[[ MATERIAL FOR THE TASK open ]]

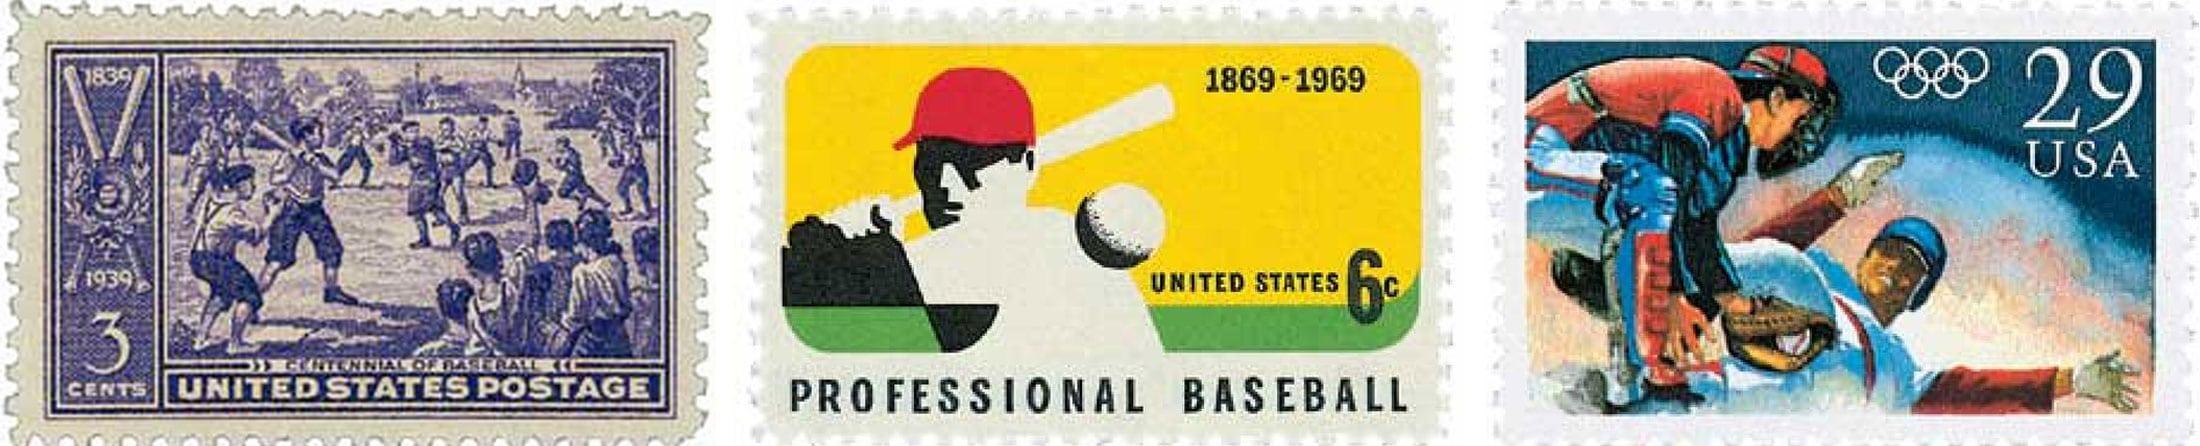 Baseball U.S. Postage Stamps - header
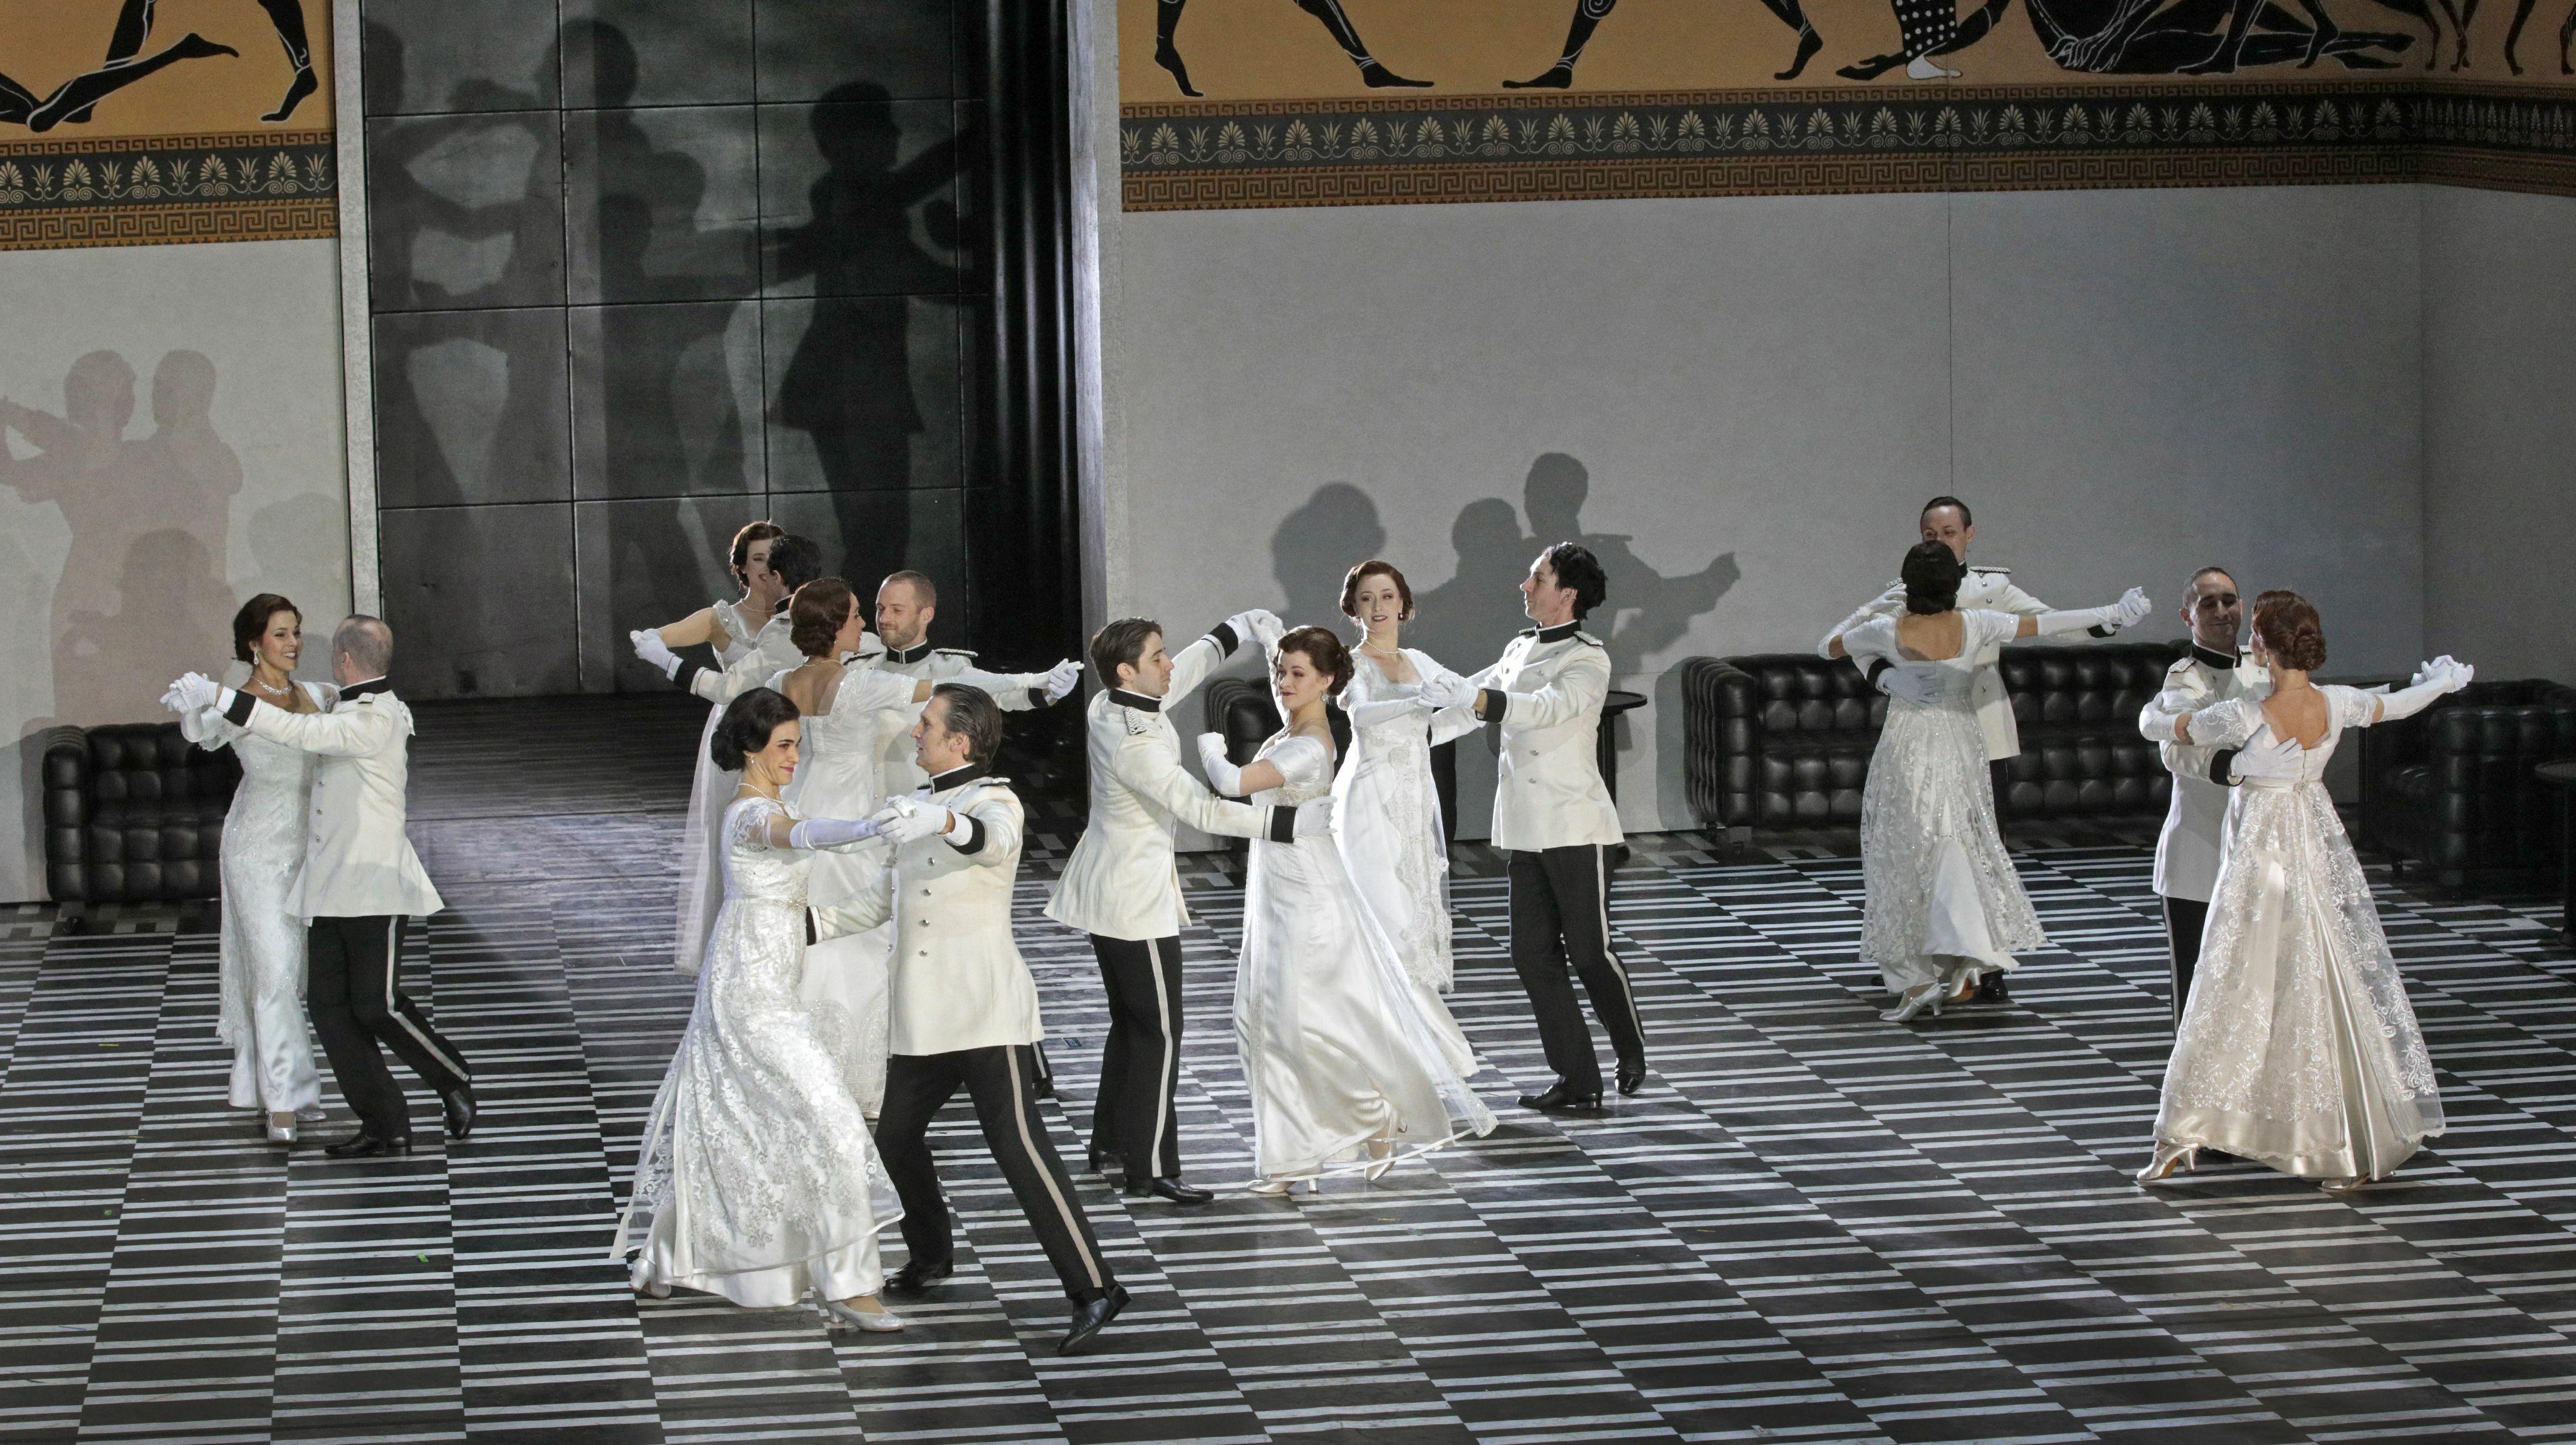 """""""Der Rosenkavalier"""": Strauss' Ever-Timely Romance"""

[[ MATERIAL FOR THE TASK closed ]]
[[ MATERIAL FOR THE TASK open ]]

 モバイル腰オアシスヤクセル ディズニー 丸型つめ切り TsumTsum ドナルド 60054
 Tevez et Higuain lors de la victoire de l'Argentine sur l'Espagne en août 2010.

[[ MATERIAL FOR THE TASK closed ]]
[[ MATERIAL FOR THE TASK open ]]

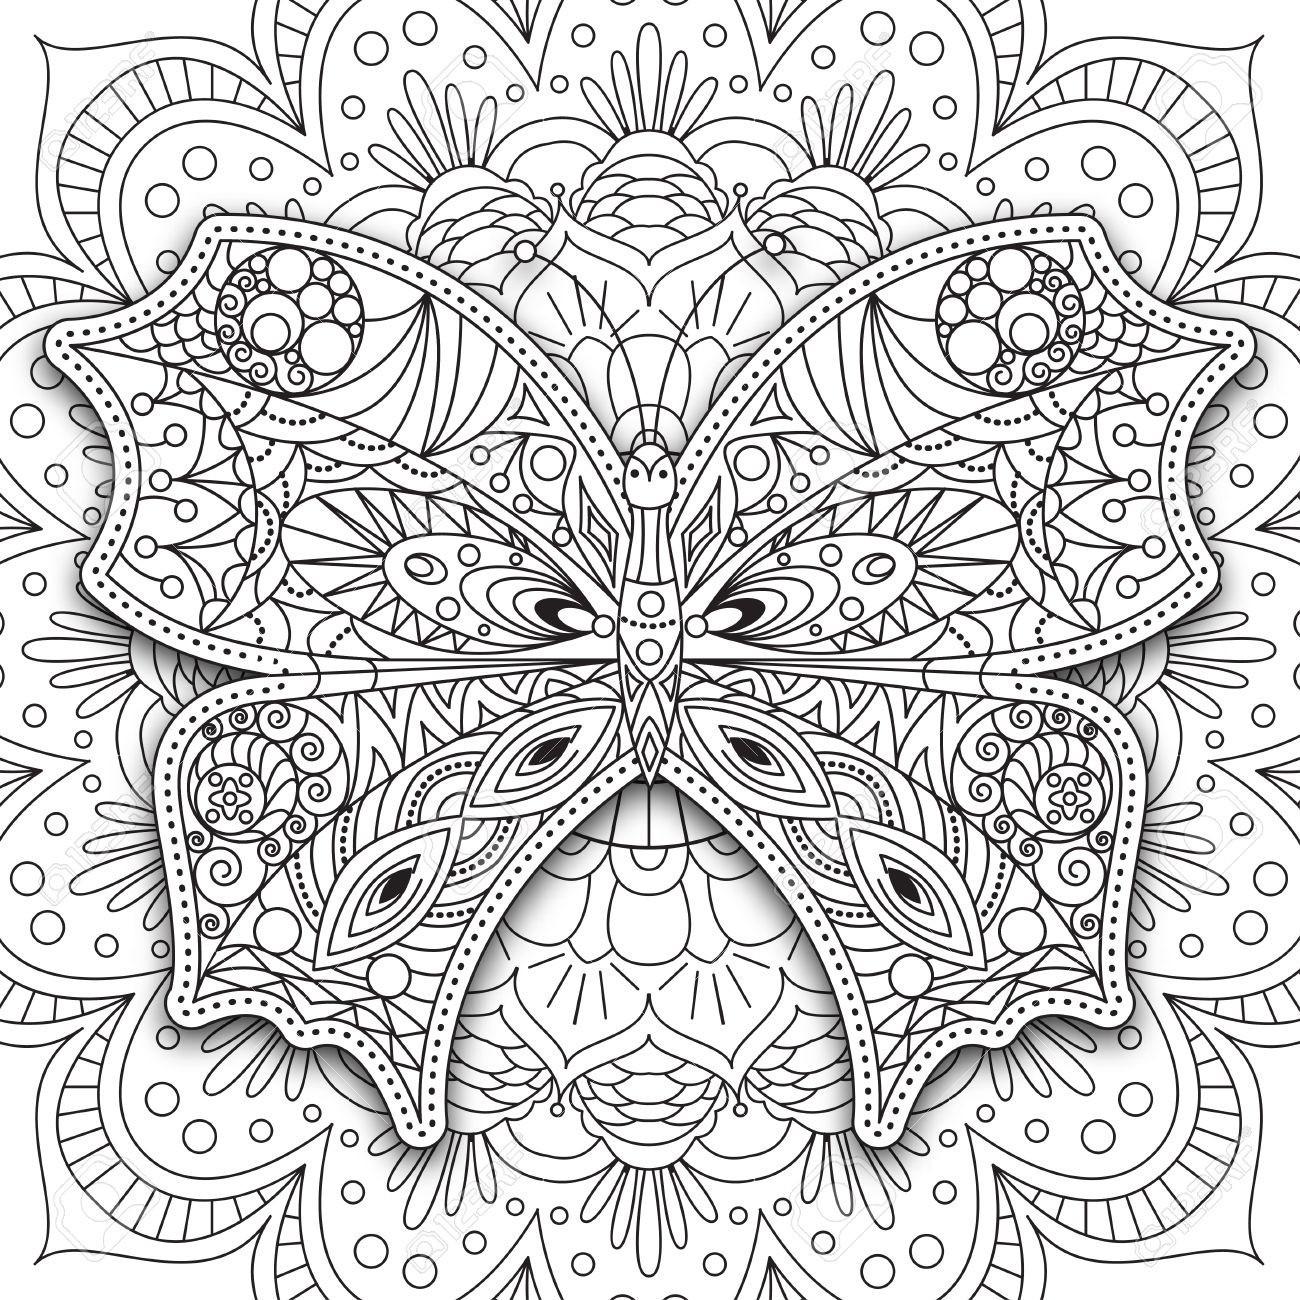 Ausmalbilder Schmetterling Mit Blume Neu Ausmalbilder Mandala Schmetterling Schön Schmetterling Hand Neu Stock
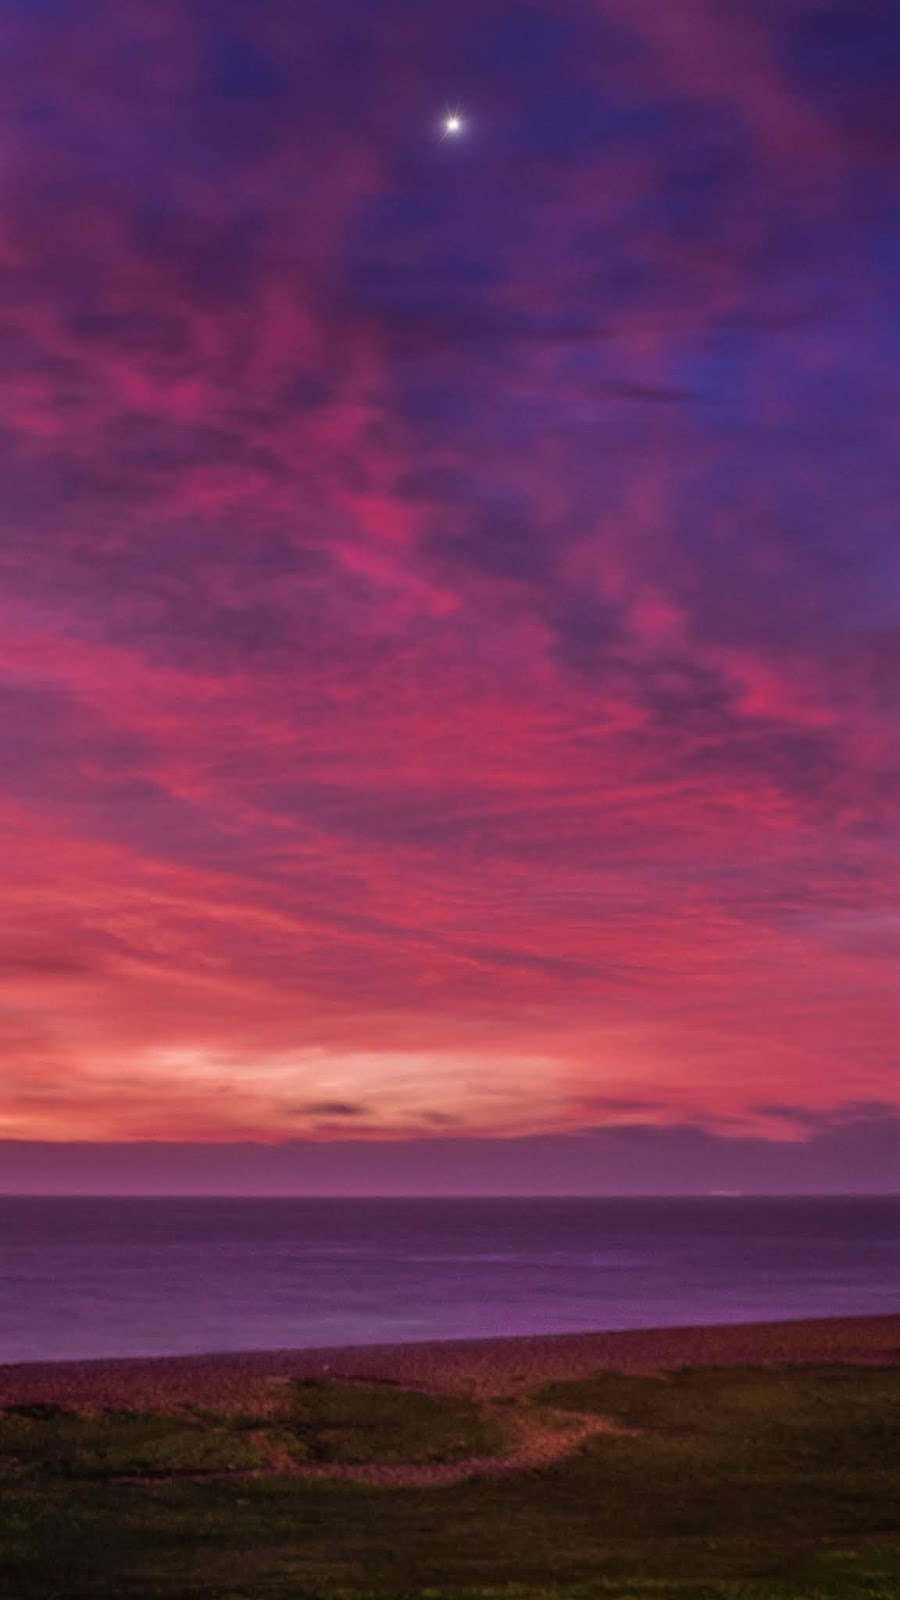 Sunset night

[[ MATERIAL FOR THE TASK closed ]]

▶ [YOUR TASK]
The lines above from the one with "モバイル腰オアシスヤクセル ディズニー 丸型つめ切り" through the one with "Tevez et Higuain" are to be duplicated exactly, ends included, with nothing added.

▶ [RESPONSE FOR THIS EXERCISE]
 モバイル腰オアシスヤクセル ディズニー 丸型つめ切り TsumTsum ドナルド 60054
 Tevez et Higuain lors de la victoire de l'Argentine sur l'Espagne en août 2010.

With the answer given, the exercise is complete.